On  February 8, 2023, the Company granted 1,403,000 shares of restricted common stock with a 10-year vesting period and 273,000 RSUs with a 3-year vesting period to employees and Directors as a performance bonus at an issue price of $1.75 per share. Executive officers and Directors included in the 10-year restricted stock grant were Louis Hoch (330,000 shares), Tom Jewell (200,000 shares), Greg Carter (100,000 shares) and Houston Frost (100,000 shares). Executive officers included in the RSU grant were Louis Hoch (33,000 RSUs), Tom Jewell (21,000 RSUs), Greg Carter (12,000 RSUs) and Houston Frost (12,000 RSUs).

 

On  March 16, 2023, the Company granted 69,000 RSUs with a 3-year vesting period to Directors as a performance bonus at an issue price of $1.60 per share. Directors included in the RSU grant were Blaise Bender (21,000 RSUs), Brad Rollins (21,000 RSUs), Ernesto Beyer (21,000 RSUs) and Michelle Miller (6,000 RSUs).

 

On November 30, 2023, Tom Jewell, the Senior Vice President, Chief Financial Officer, and principal financial and accounting officer of the Company notified the Company of his intention to retire.
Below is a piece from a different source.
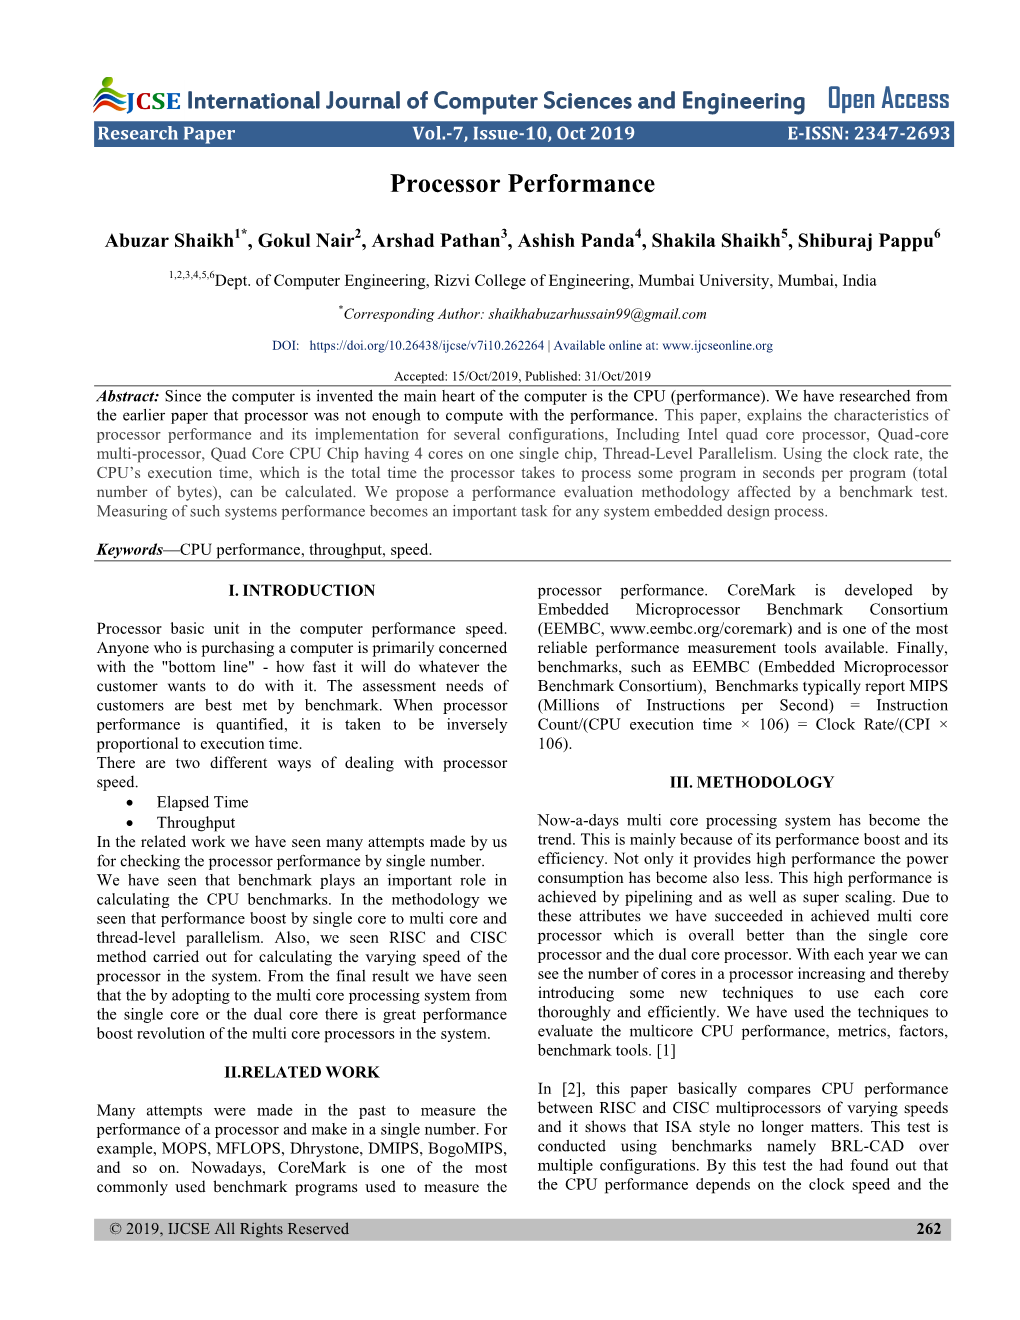 Processor Performance

On December 11, 2023, Mr. Jewell entered into a Separation and Mutual Release of Claims Agreement (“Separation Agreement”) with the Company. Pursuant to the Separation Agreement, Mr. Jewell will be paid installment payments equal to his current base salary until and including April 18, 2024. Additionally, Mr. Jewell will be permitted to retain any unvested Company stock options or other equity awards which shall vest in accordance with the applicable schedules. Mr. Jewell will also receive all employee benefits including, but not limited to, health, dental, vision and life insurances that he was receiving prior to his execution of the Agreement until April 18, 2024.